Not only in the obvious areas, such as temperament and plumbing, but in subtler ways too, men and women have different wants and needs. For instance, women need affection, understanding and many cute little baskets of potpourri. Men want to see what's on channel 6.
Among these many differences are those found in matters of decor. Men's way of choosing between two fabrics of different predominant colors, for instance, hinges on a single question: which one costs less? Women, on the other hand, have eyes like gas chromatographs, distinguishing between two shades of teal as if one were chartreuse and the other charcoal gray.
Hence the insight behind a campaign from Foote, Cone & Belding/Brazil, SÌo Paulo, for Coral Paints.
Three amusing spots play on a wife's recognition of the color that would be just right for the living room, front door, etc., and the long-suffering husband's responsibility-under the most awkward of circumstances-to obtain a swatch with which to match it.
In one spot, husband Haroldo and the little woman are sitting on a plane, when she spies the right shade of green on the shirt of the fellow sitting on the aisle. It's just what she wants for the kids' room, and-because she is merely a woman and Haroldo is a Man-it is for him to obtain the sample. So he feigns a heart attack and rips off the other passenger's pocket.
In a second spot, the couple is at a wedding when she sees on the matron of honor's hanky the right pink for their home exterior. Haroldo bursts into fake sobs, borrows the hanky and blows his nose in it. He offers it back, but the owner graciously declines.
Finally, there is the best of the three, this one set at a wedding reception when Haroldo's wife sees a woman dancing in a blue dress.
Wife: "Haroldo, look at that dress!"
Haroldo: "You want one like it?"
Wife: "It's the color we wanted for the door at home. Oh, Haroldo. We must have a sample. Go and get it."
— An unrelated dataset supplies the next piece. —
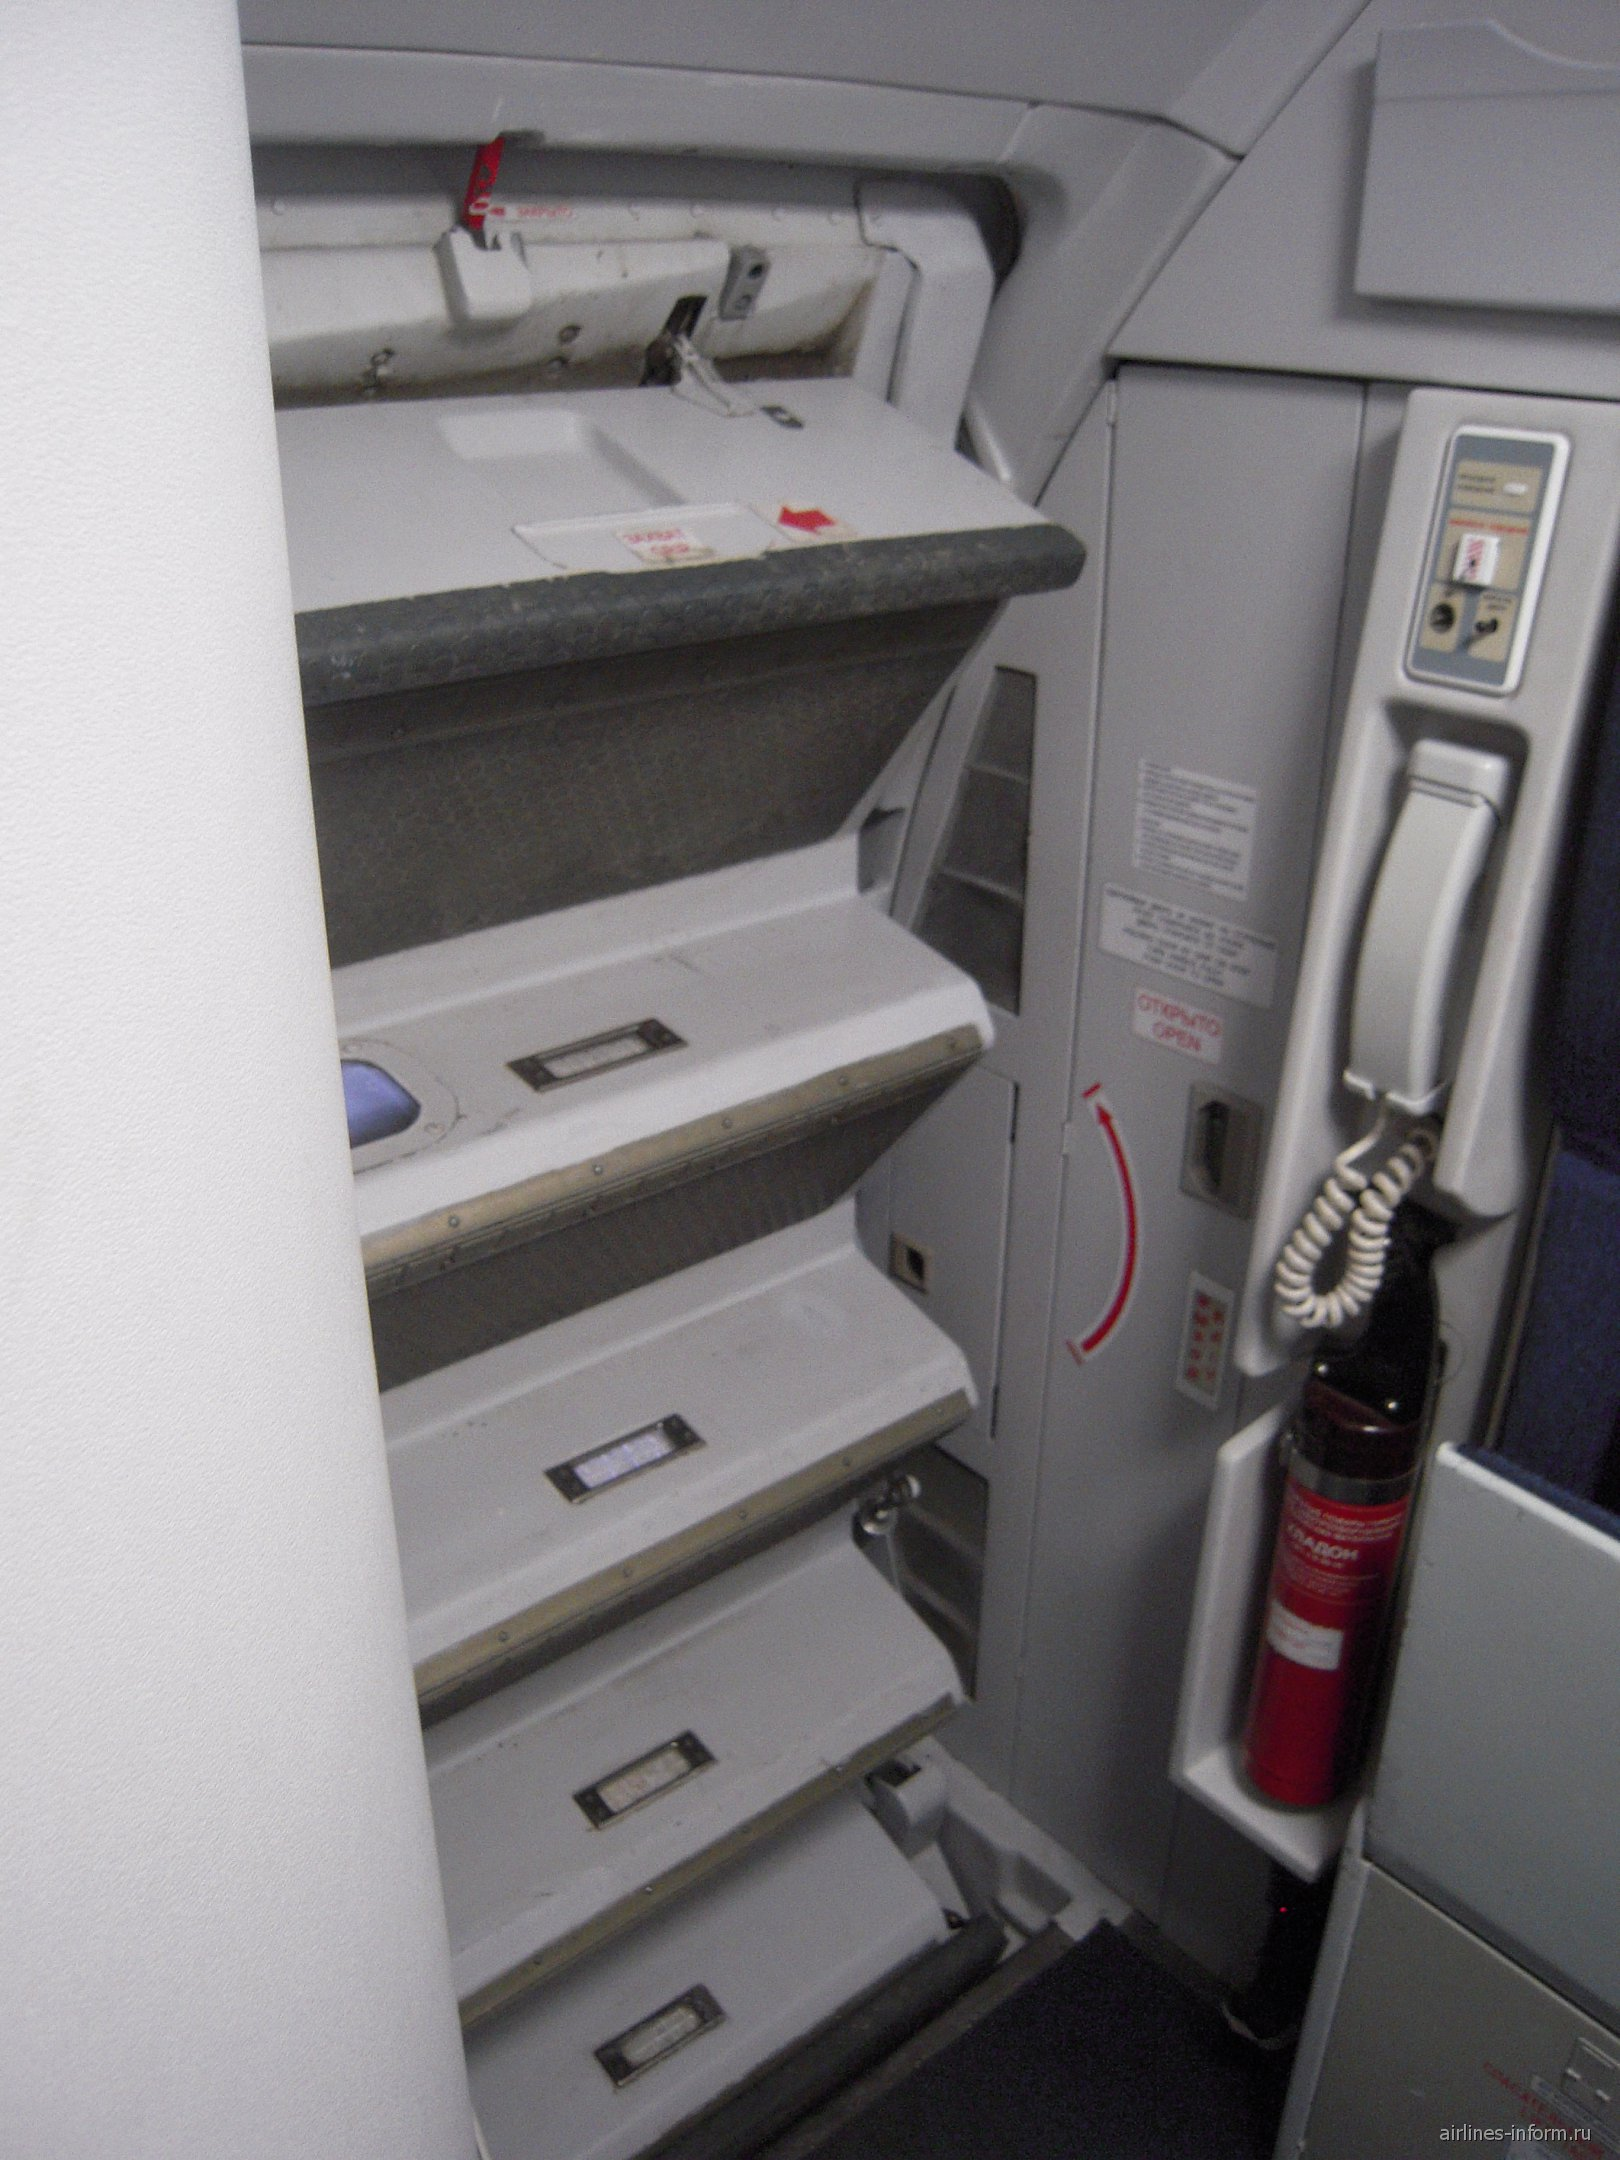 Трап самолета Ан-148 авиакомпании Россия
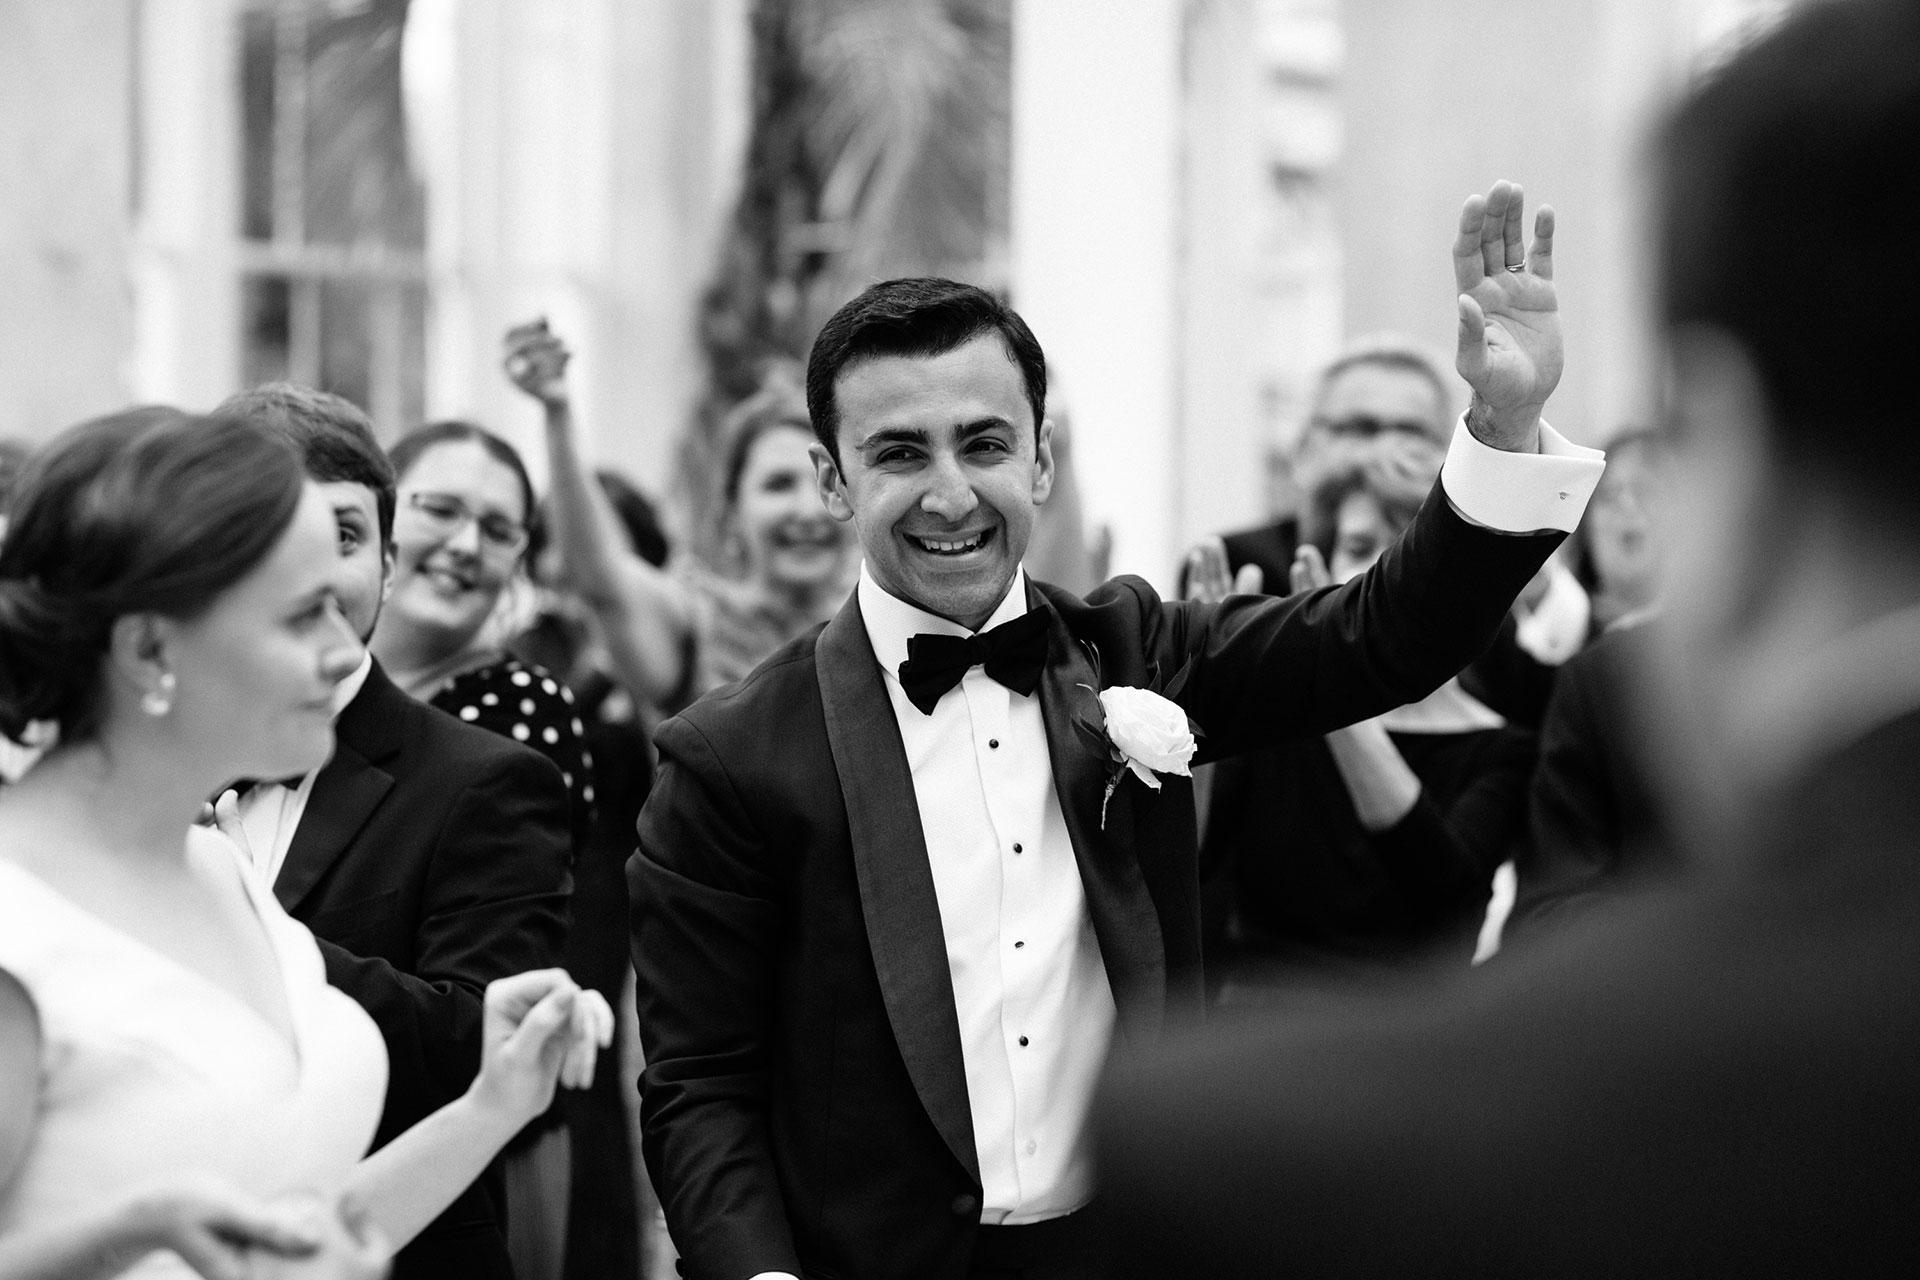 Syon-Park-Wedding-Photographer--_-Michael-Newington-Gray-480.jpg

Next, Haroldo and the woman in blue are doing a ridiculous rhumba to "Love is in the Air," culminating in him surreptitiously biting a blue button right off the dress.
Female voiceover: "When you have found the right color, you go to any lengths to get it. Then only Coral Paints work."
Male voiceover: "Coral. The color of your dreams."
The comedy in all of the spots is a bit broad, and in this one Haroldo and dance partner are chewing the scenery, but nuance has nothing to do with why this is such an effective campaign. While the specific claim that only Coral can match colors is manifestly puffed up, the credibility of the brand is bolstered by the premise's human truth.
This is classic pre-emption, but with a bonus. By capturing this very real quirk of male-female relationships, Coral engages, charms and becomes memorable to the audience, which henceforth will associate color-matching capability especially with this advertiser, no matter how well other brands do the same thing.
Of course, husbands will be completely indifferent. But wives will take it to heart, every time they instruct their spouse where and when and with what to paint.